* Your goal *
Your answer must be an exact copy of the data below, minus any pictures.

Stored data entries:
Start of Block

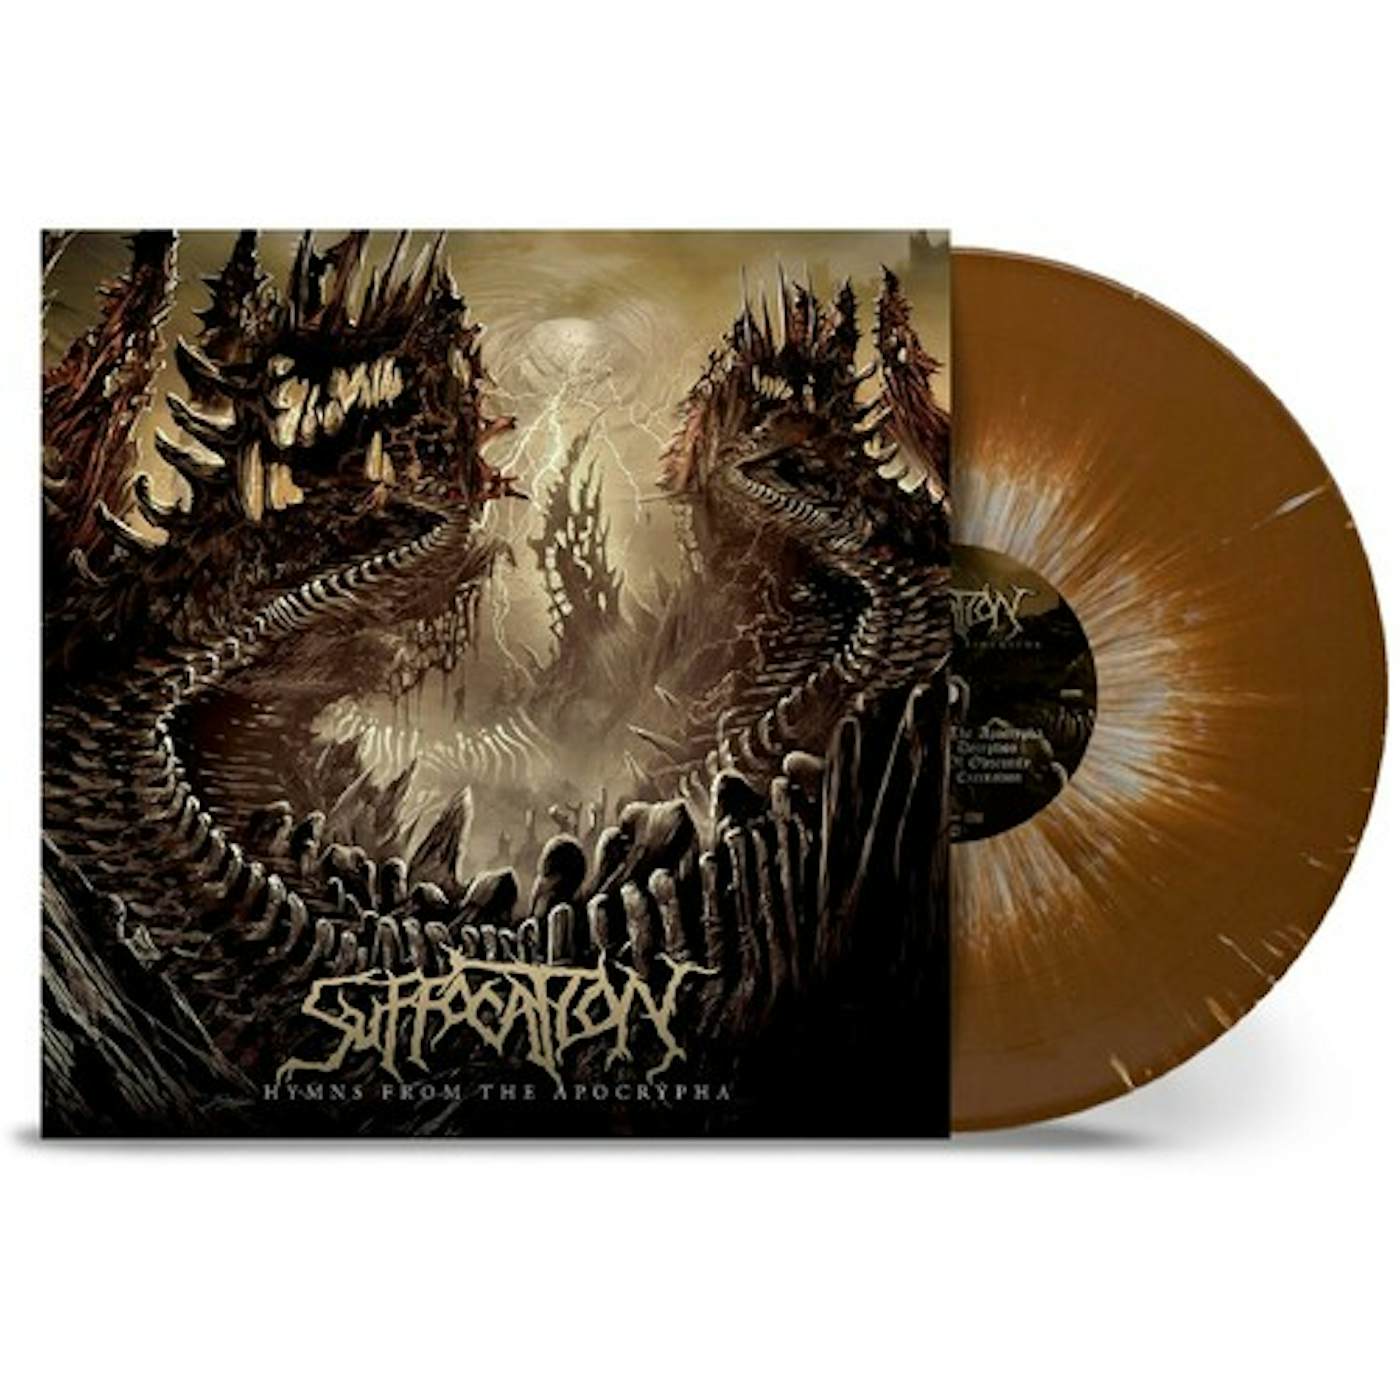 Suffocation HYMNS FROM THE APOCRYPHA - BROWN & WHITE SPLATTER Vinyl Record
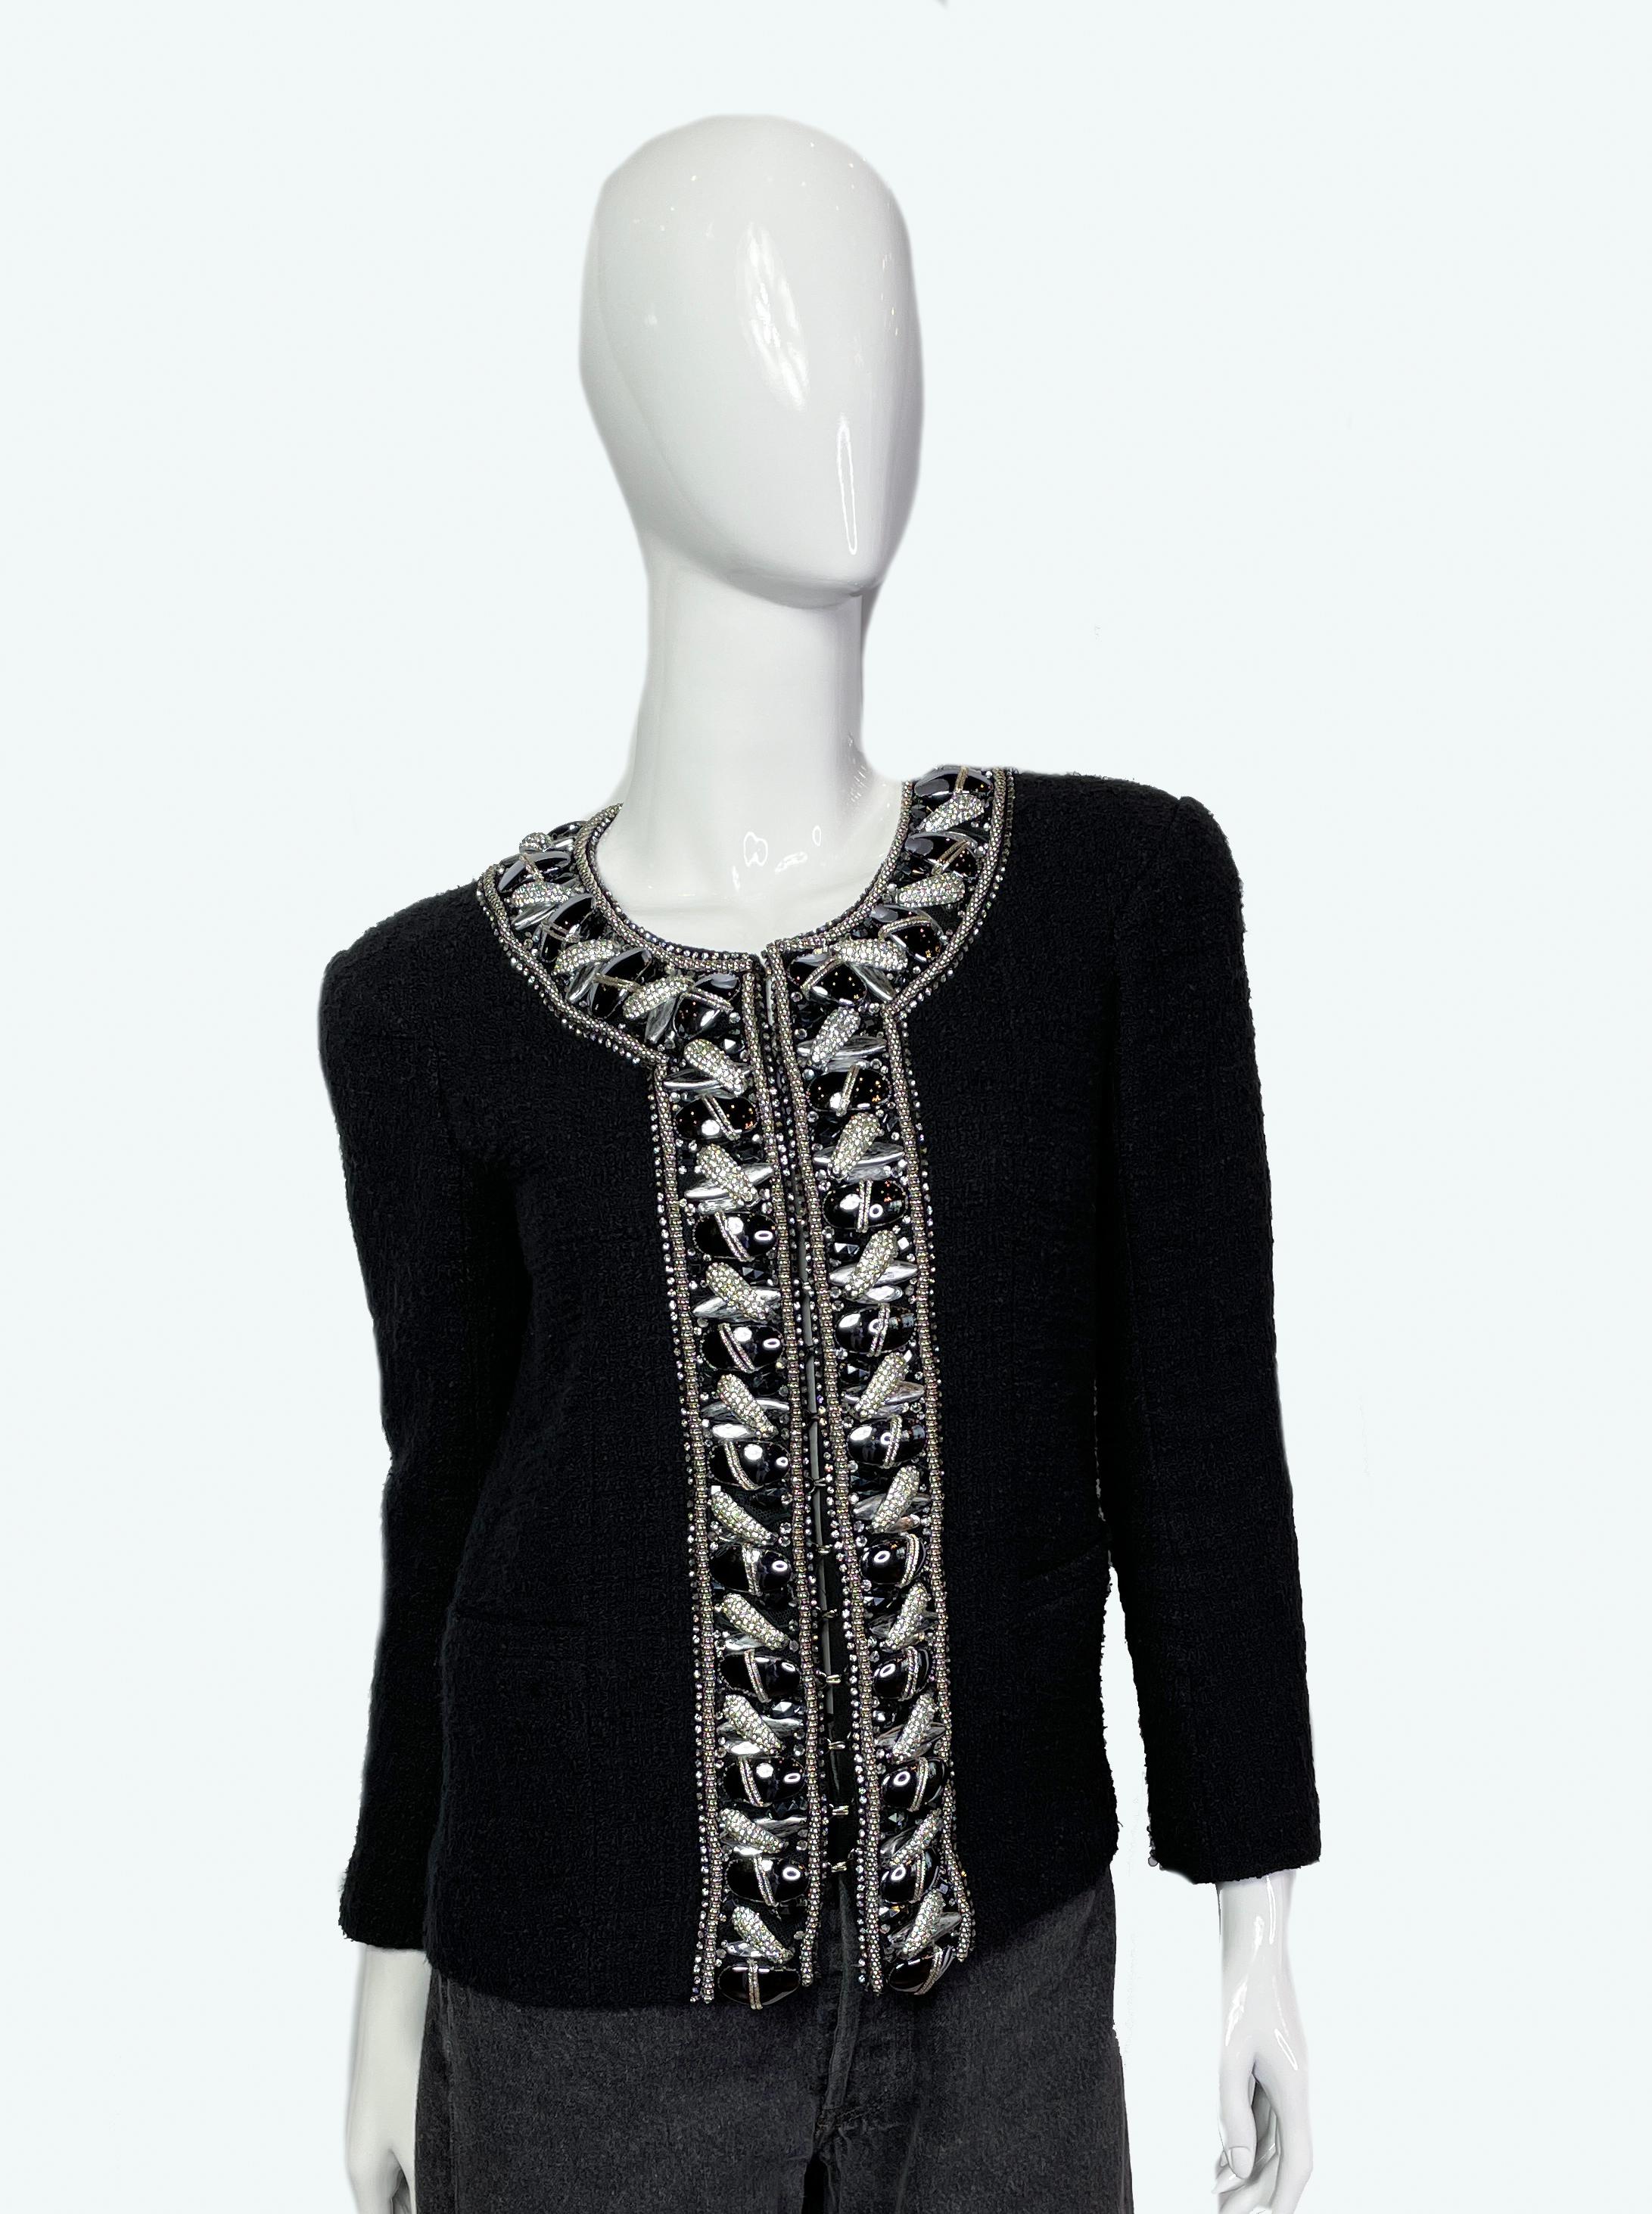 Stunning black runway Balmain blazer, decorated with rhinestones and faux pearls.

Year: 2009, Spring RTW collection by By Christophe Decarnin. Rare, exclusive item

Size: 36 Fr (XS-S)
Length: 54cm
Shoulder-to-shoulder: 41cm 
Sleeve length:
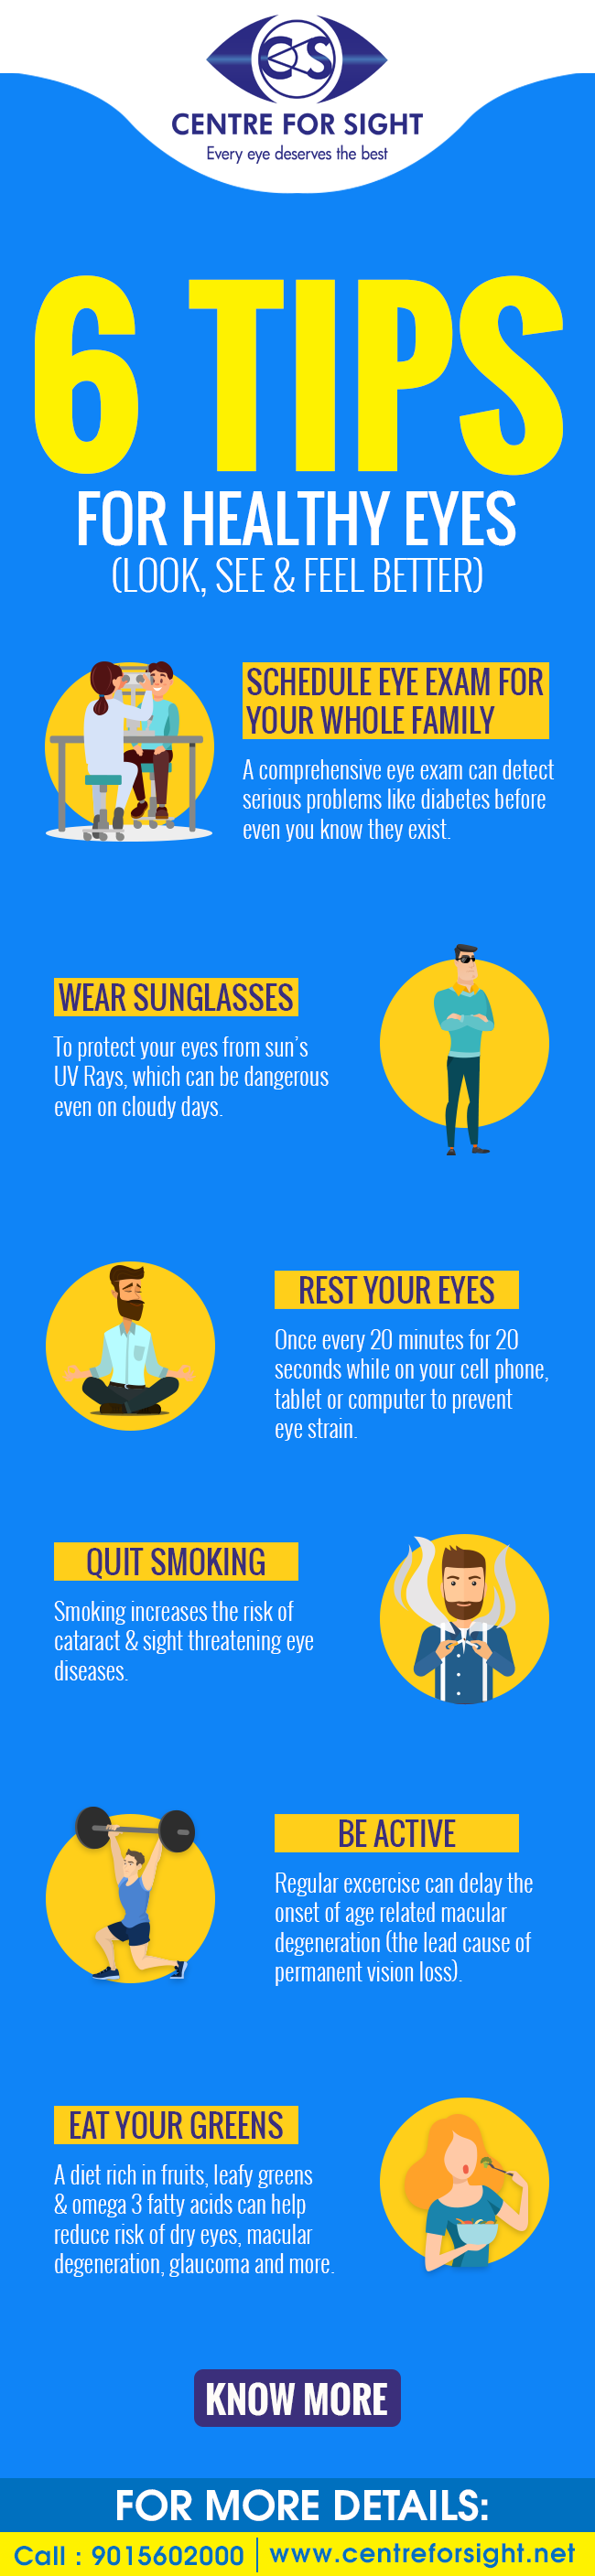 6 Tips For Healthy Eyes
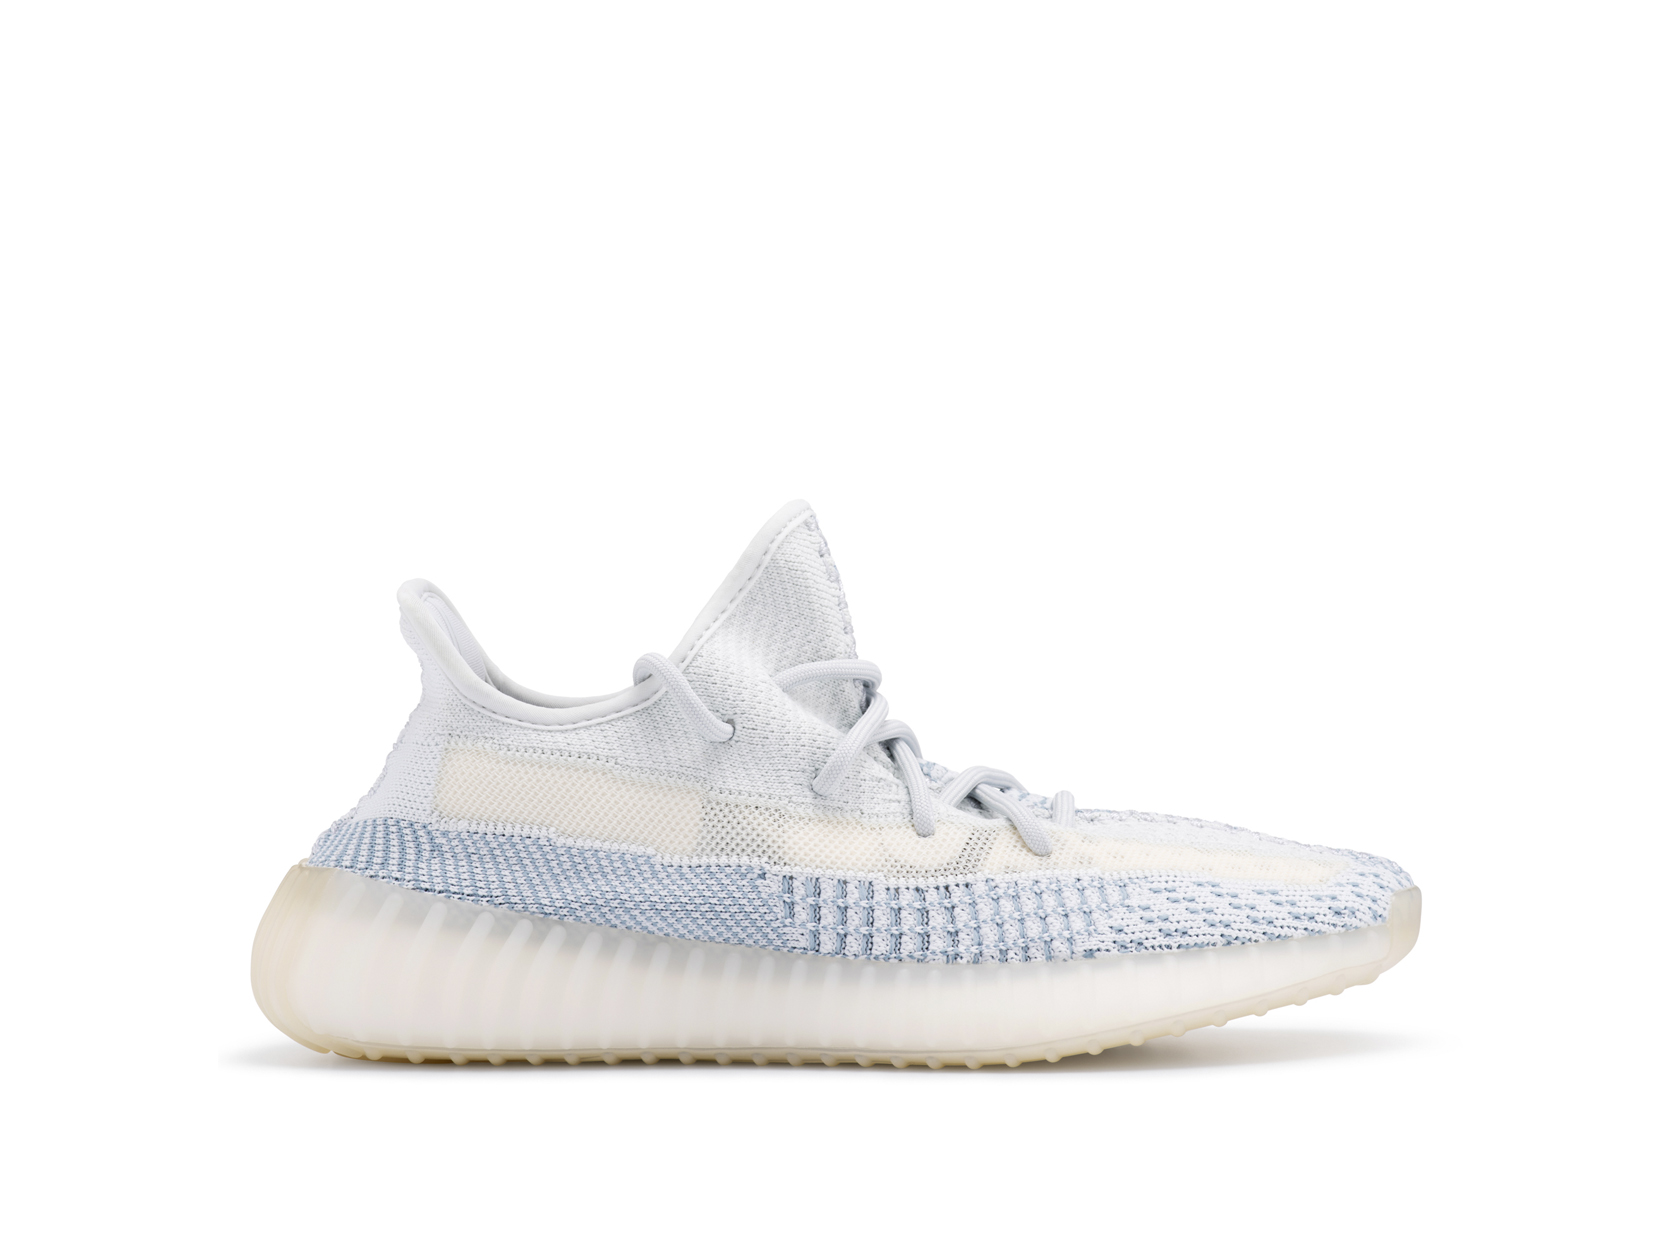 Yeezy Cloud White Boost 350 v2 | FW3043

End of Block

* Task result *
 Suffocation HYMNS FROM THE APOCRYPHA - BROWN & WHITE SPLATTER Vinyl Record
 Stunning black runway Balmain blazer, decorated with rhinestones and faux pearls.

Year: 2009, Spring RTW collection by By Christophe Decarnin. Rare, exclusive item

Size: 36 Fr (XS-S)
Length: 54cm
Shoulder-to-shoulder: 41cm 
Sleeve length:
 6 Tips For Healthy Eyes
 Yeezy Cloud White Boost 350 v2 | FW3043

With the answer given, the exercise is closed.